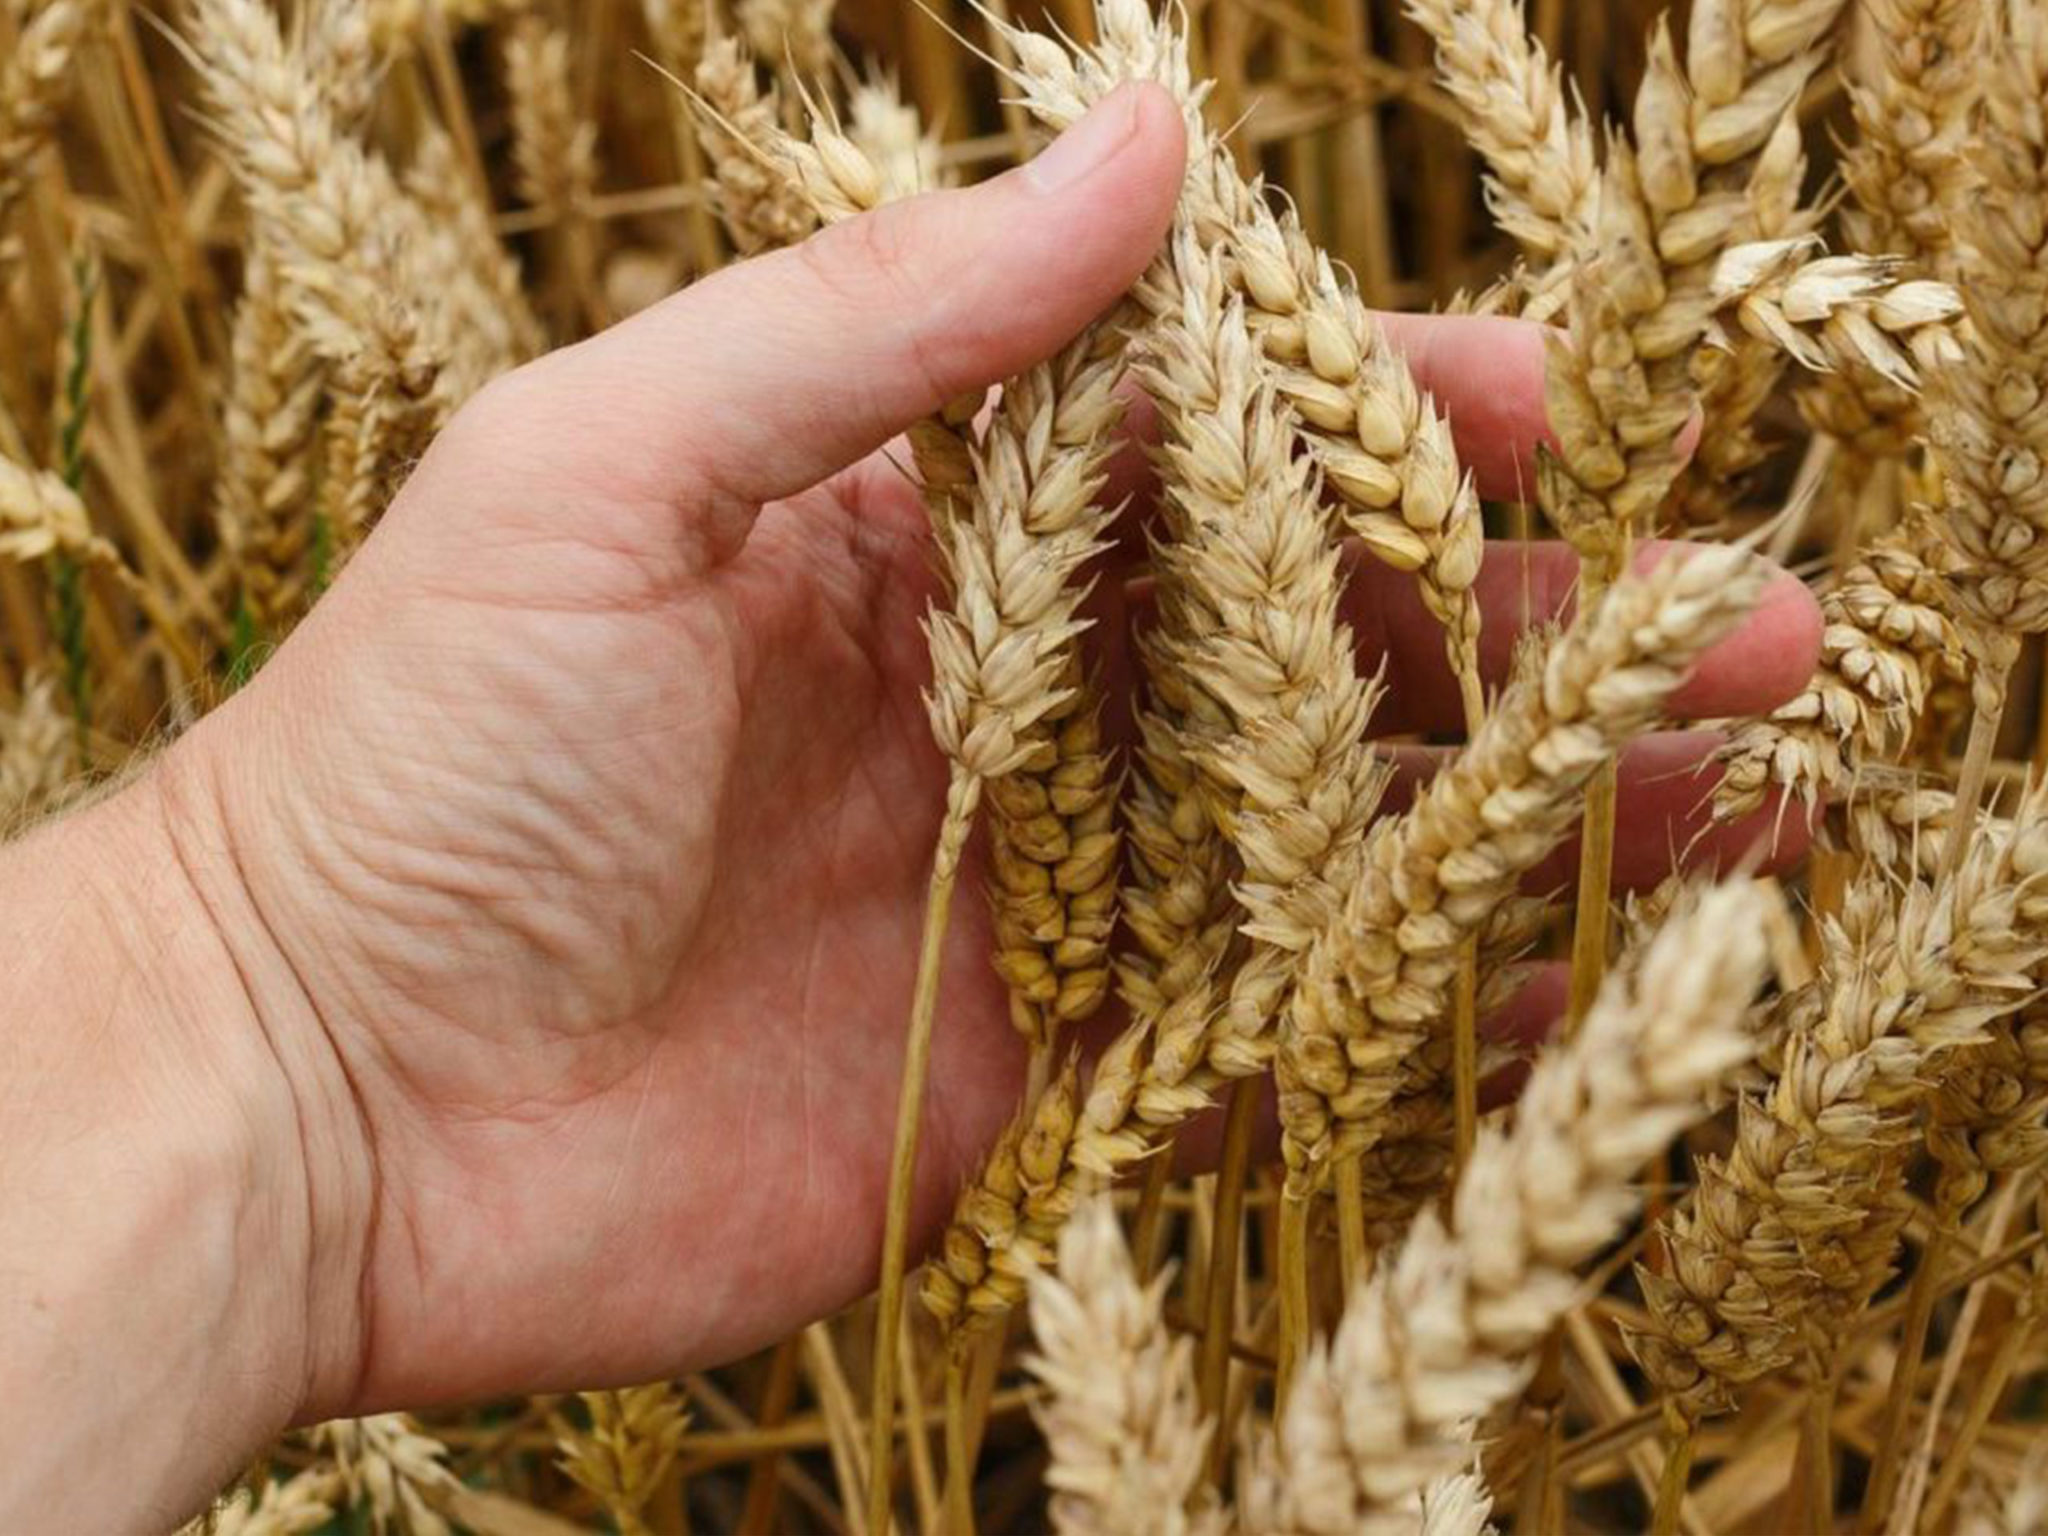 Trong tự nhiên, Azelaic acid được tìm thấy ở các loại ngũ cốc như lúa mì, lúa mạch, lúa mạch đen
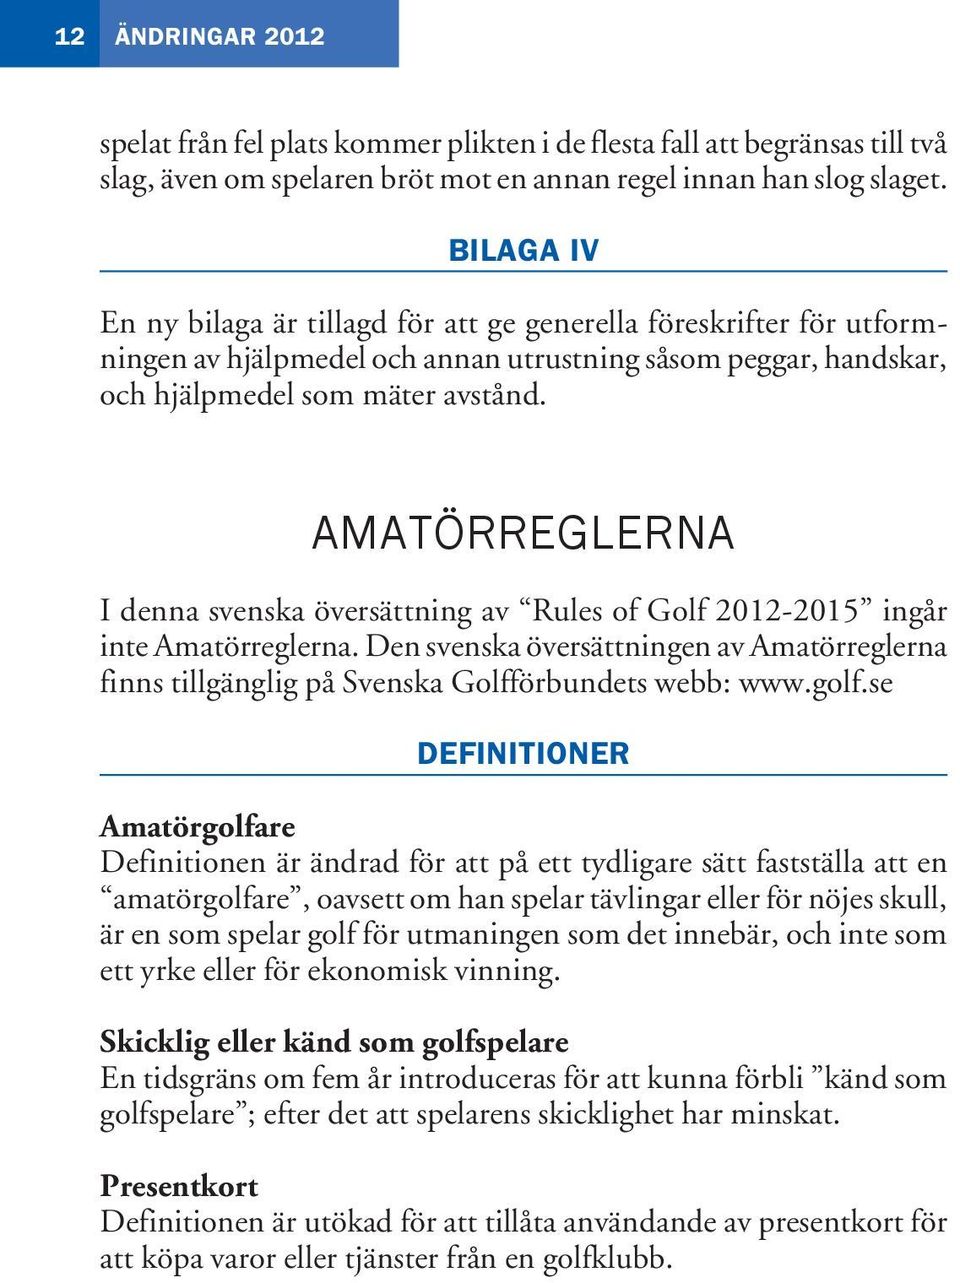 amatörreglerna I denna svenska översättning av Rules of Golf 2012-2015 ingår inte Amatörreglerna. Den svenska översättningen av Amatörreglerna finns tillgänglig på Svenska Golfförbundets webb: www.
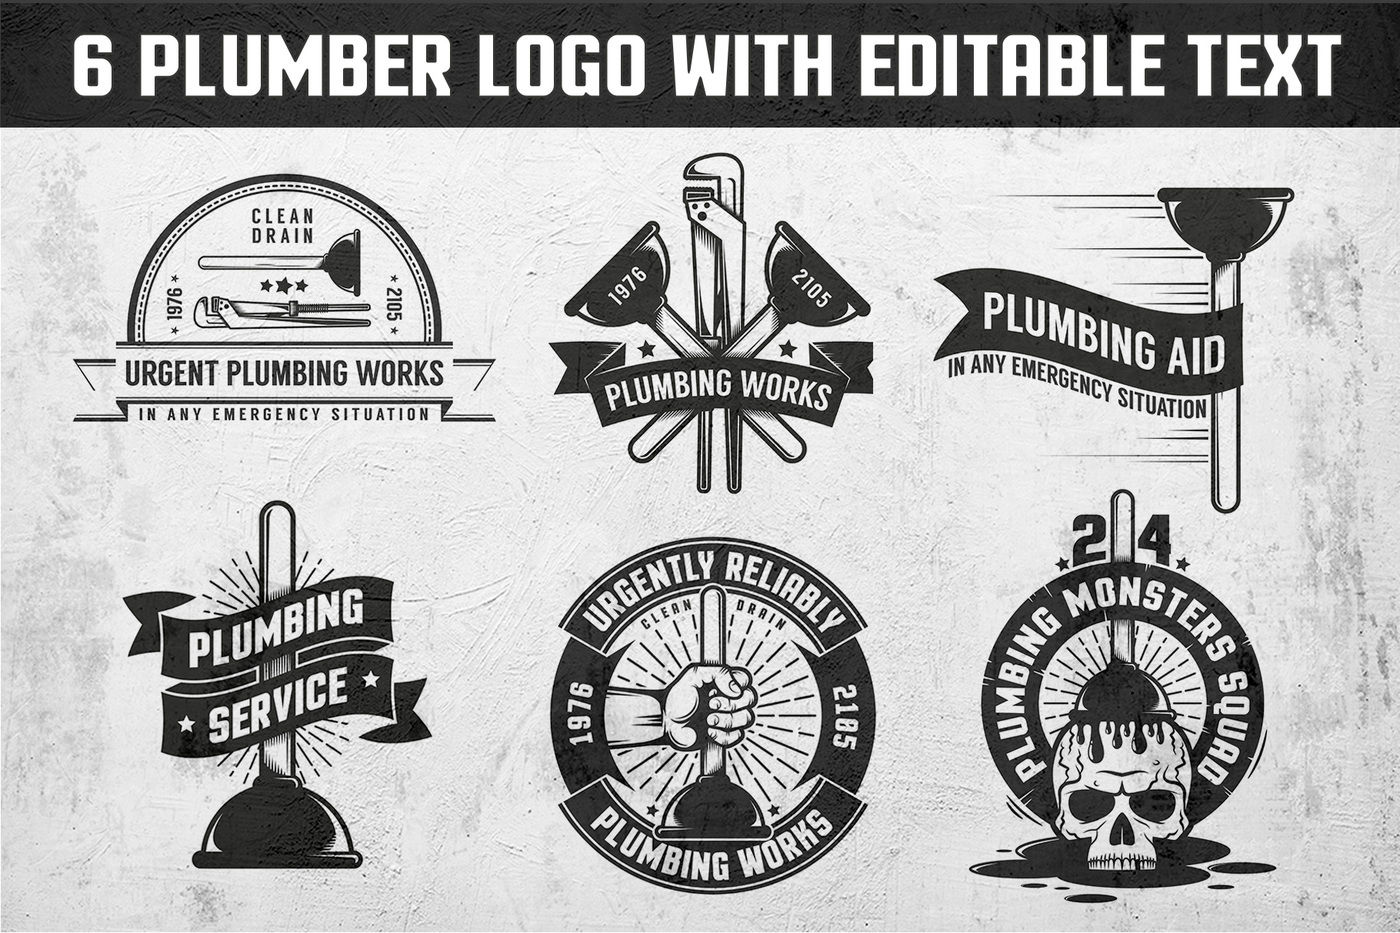 Plumbing retro logos By Agor2012 | TheHungryJPEG.com

■ Task objective:
A faithful copy of the data is required: each word kept, each picture omitted.

■ Result of the exercise:
 Trong tự nhiên, Azelaic acid được tìm thấy ở các loại ngũ cốc như lúa mì, lúa mạch, lúa mạch đen
 amatörreglerna I denna svenska översättning av Rules of Golf 2012-2015 ingår inte Amatörreglerna. Den svenska översättningen av Amatörreglerna finns tillgänglig på Svenska Golfförbundets webb: www.
 Plumbing retro logos By Agor2012 | TheHungryJPEG.com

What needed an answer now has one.